## Aim of the exercise
Nothing but the lines from the one holding "Morton® Sodium Free" through the last line of the material below should be set down, exactly and without images.

## Information provided

..........

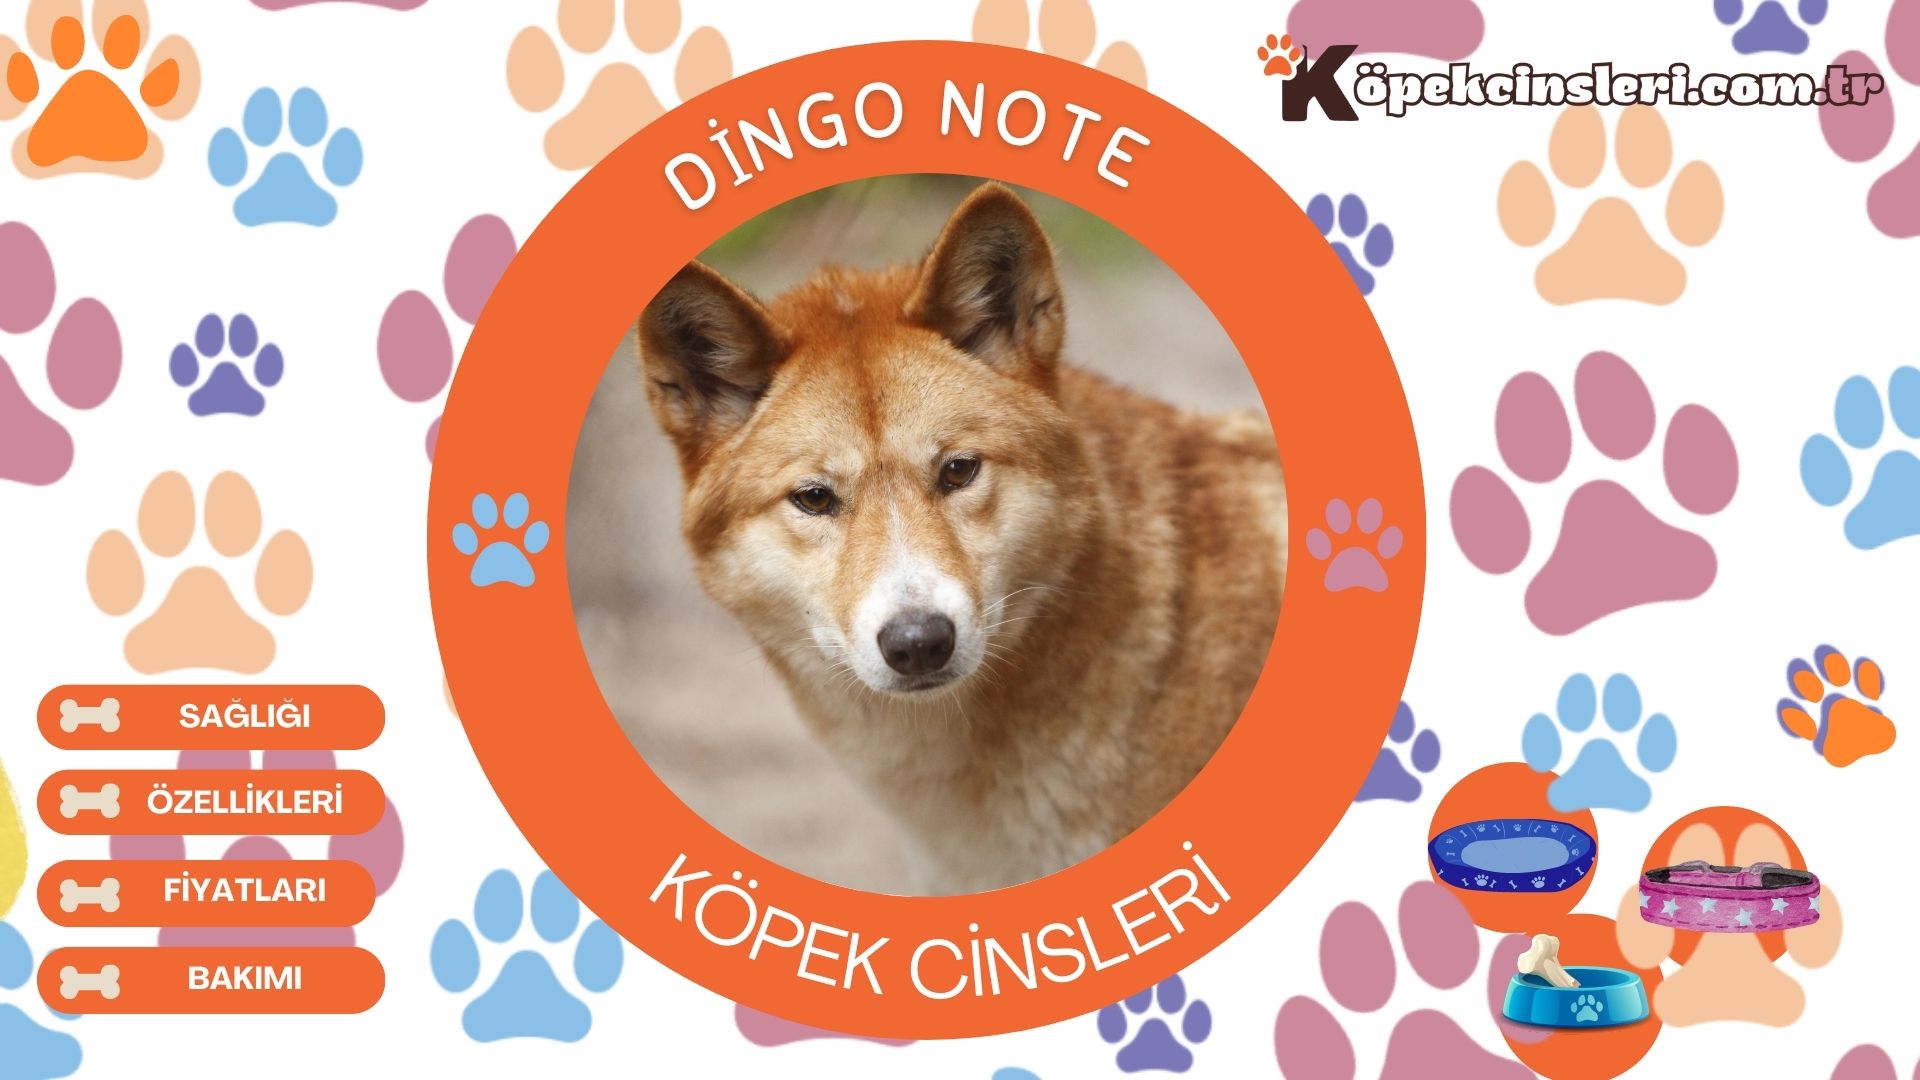 Dingo Note
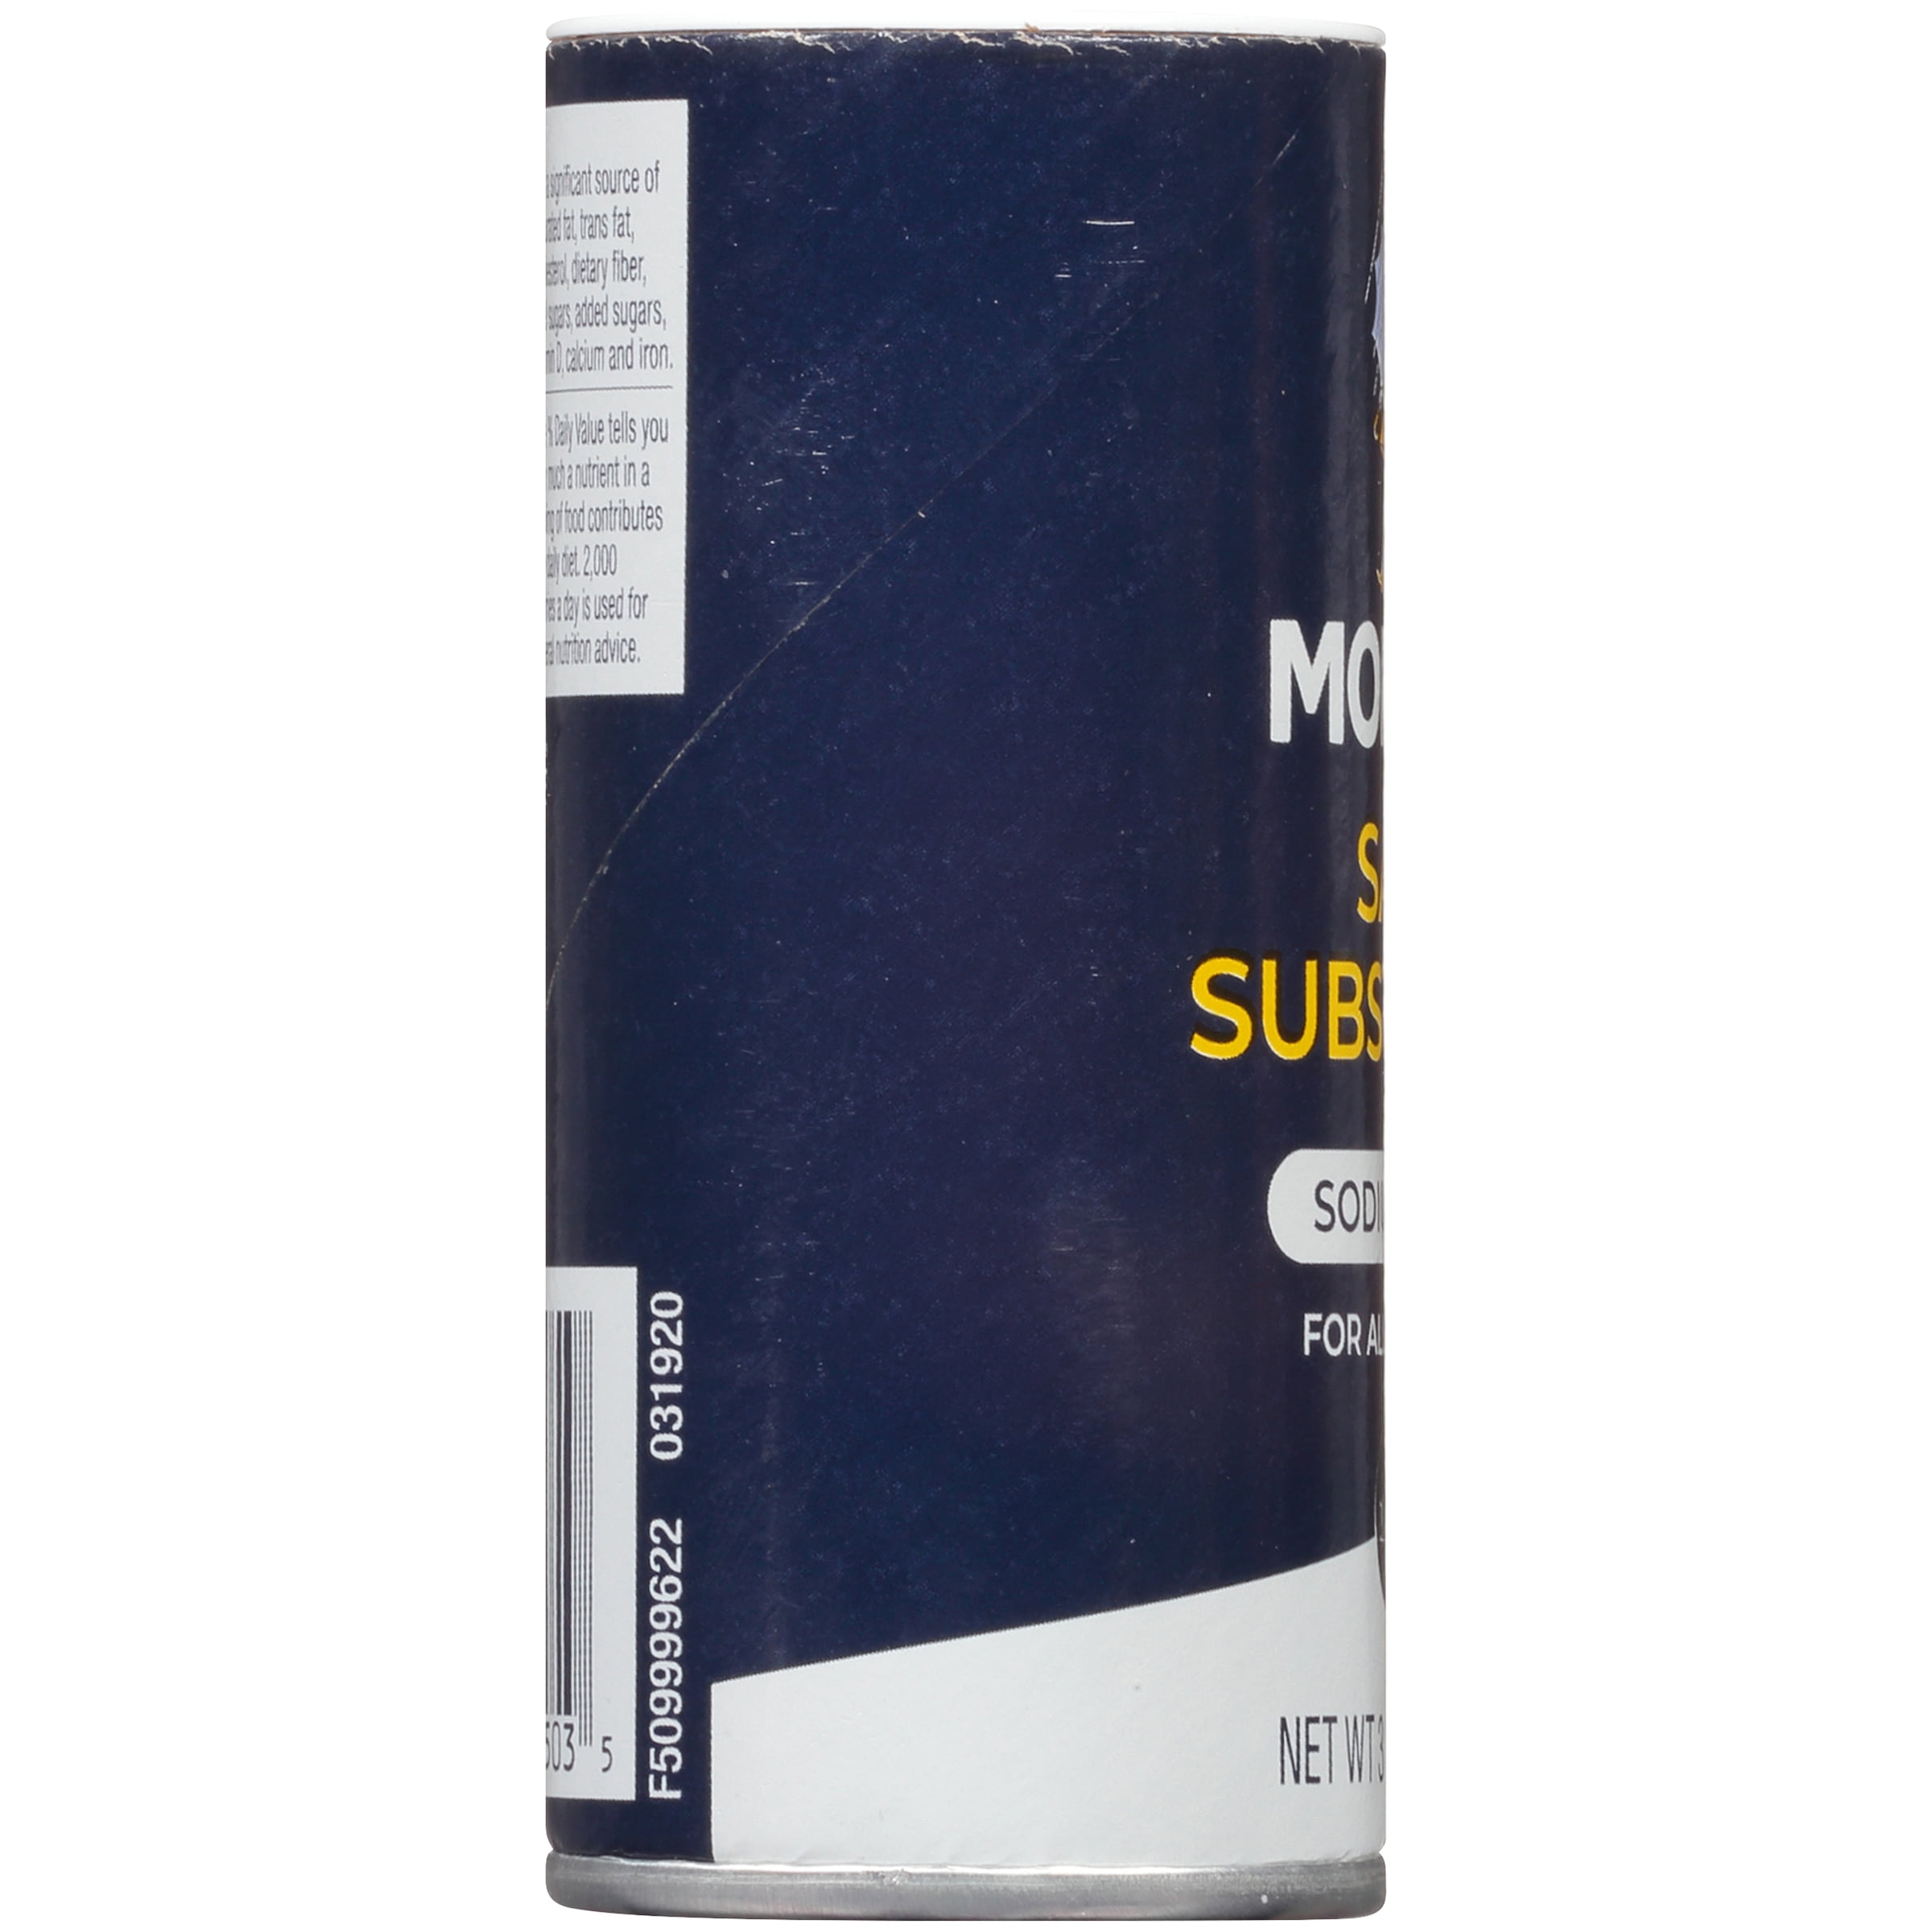 Morton® Sodium Free Salt Substitute, 3.13 oz - Harris Teeter
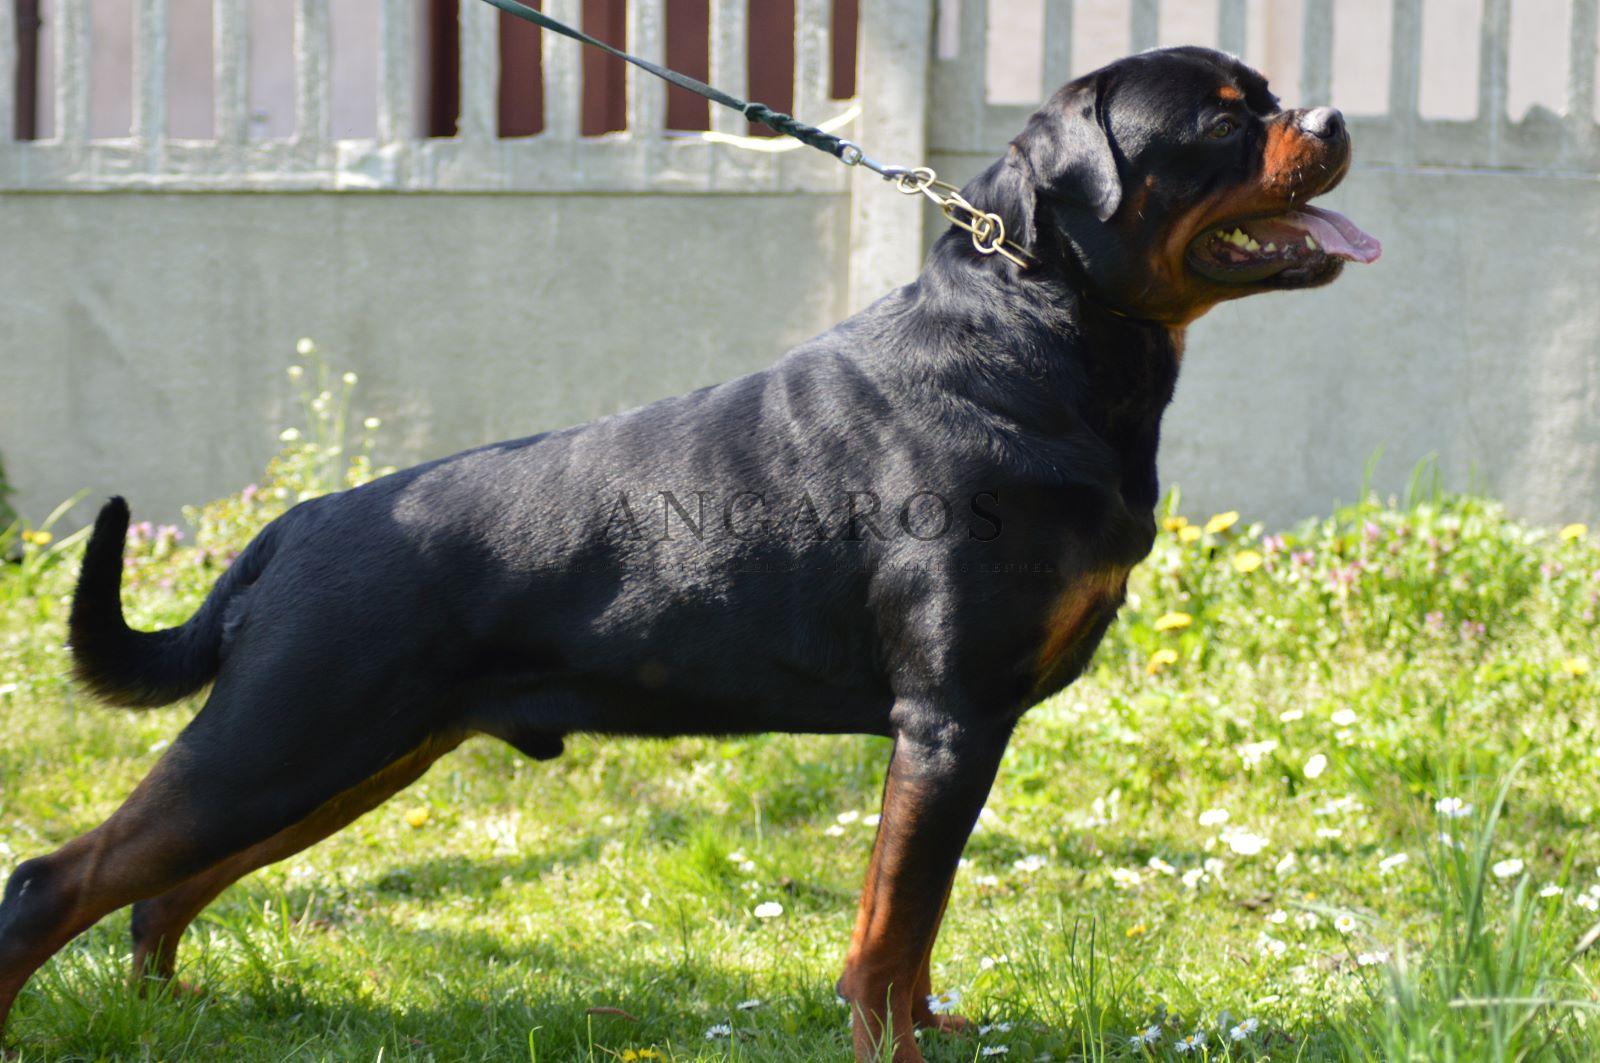 Kolejny ANGAROS całkowicie wolny od chorób genetycznych trapiących Rottweilery! | Rottweiler - Hodowla Rottweilerów Angaros - Rottweilers - Rottweilery

..........

## Finished exercise
 Morton® Sodium Free Salt Substitute, 3.13 oz - Harris Teeter
 Kolejny ANGAROS całkowicie wolny od chorób genetycznych trapiących Rottweilery! | Rottweiler - Hodowla Rottweilerów Angaros - Rottweilers - Rottweilery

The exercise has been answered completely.